Evaluation & Quality Monitoring
Evaluation and quality monitoring keep your LLM features reliable. This chapter gives a practical playbook for building evals, catching regressions, and closing the feedback loop.
1) What to Measure
- Relevance: Does the answer match the user intent?
- Faithfulness: Is the answer grounded in sources (no hallucinations)?
- Format: Does it follow the required schema/JSON/table?
- Safety: No toxic/PII leakage/policy violations.
- Latency & Cost: P95 response time, tokens per call.
2) Offline Eval Sets (Golden Tests)
- Build a small, versioned dataset (e.g., 50-200 samples) with:
- Input: query + context (if RAG) + expected format.
- Labels: ideal answer, citations, expected refusal cases.
- Negative cases: empty context, conflicting docs, forbidden requests.
- Keep per-direction/task evals (FAQ, RAG Q&A, extraction, summarization).
3) Automatic Checks (Cheap Baseline)
- Format validation: JSON schema / regex / length limits.
- Citation enforcement: answer must contain provided citation IDs.
- Refusal checks: when no context, expect a refusal phrase.
- Guardrails: block unsafe categories (violence/PII) via content filters.
4) LLM-as-Judge (Quality Scoring)
- Use a judge prompt to score relevance/faithfulness/clarity on a 1-5 scale.
- Ask judge to mark hallucinations and missing citations.
- Run with a smaller, cheaper model for CI, a stronger model for nightly evals.
Sample Judge Prompt
You are an evaluator.
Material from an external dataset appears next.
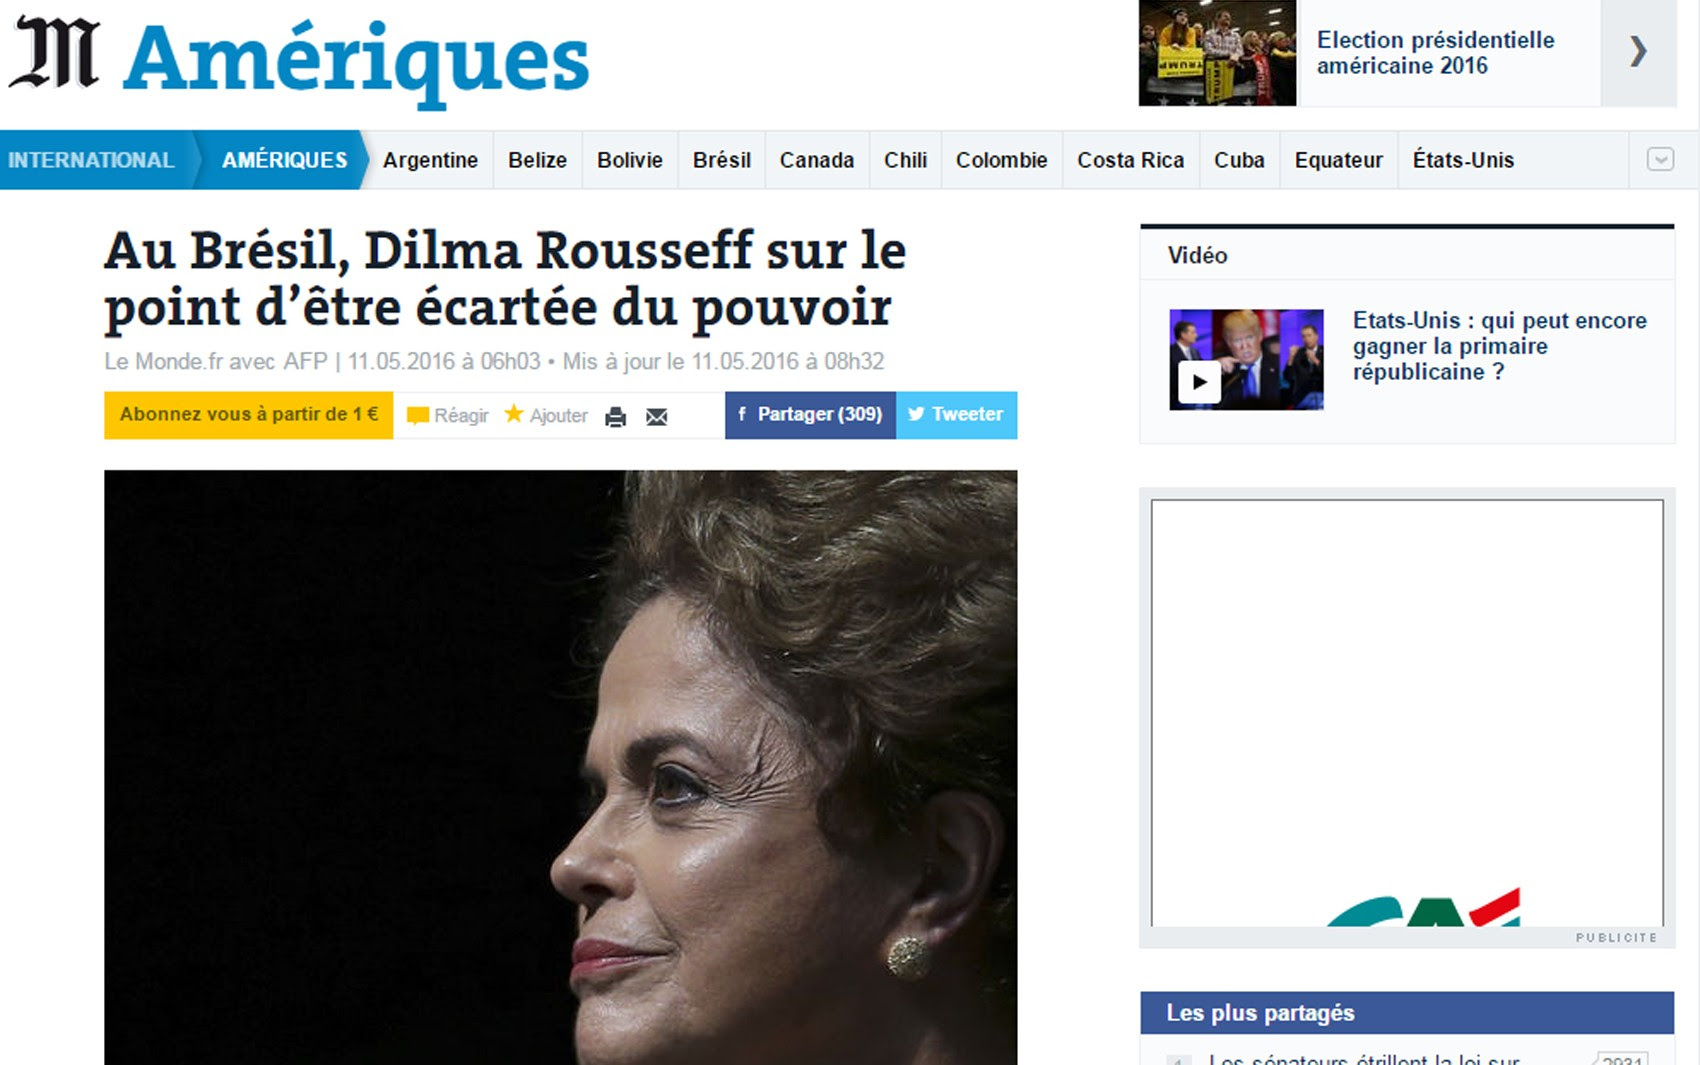 Le Monde afirma que Dilma Rousseff 'suas últimas horas no comando do país' (Foto: Reprodução/G1)

Given:
- question
- retrieved context (with IDs)
- model answer
Rate 1-5 for: relevance, faithfulness, format compliance.
List any hallucinations or missing citations. Reply in JSON:
{
"relevance": 1-5,
"faithfulness": 1-5,
"format": 1-5,
"issues": ["..."]
}
5) Online Metrics & Instrumentation
- Log per request: model, temperature, latency, tokens, response status, retry count.
- For RAG: log top-k docs, scores, chosen citations.
- Add user feedback hooks (thumbs up/down with optional comment).
- Build dashboards: success rate, P95 latency, cost per 1k calls, top errors/429s.
6) Regression Gates
- CI gate: run offline eval set; fail if score drops > threshold or format errors increase.
- Schema gate: reject responses failing JSON schema; retry with "fix-format" prompt.
- Safety gate: block outputs violating policy; return safe fallback.
7) Hallucination & Safety Mitigations
- Prompt constraints: "answer only from provided context; if unknown, say UNKNOWN".
- Citations mandatory for factual claims.
- Refusal logic: no context -> refuse; unsafe request -> safe decline.
- Rerank/verify: cross-check with a secondary model or rule-based validators.
8) A/B and Canary
- Route small traffic to new model/prompt; compare CTR/feedback/latency/cost.
- Kill switch: instant rollback to previous config if metrics degrade.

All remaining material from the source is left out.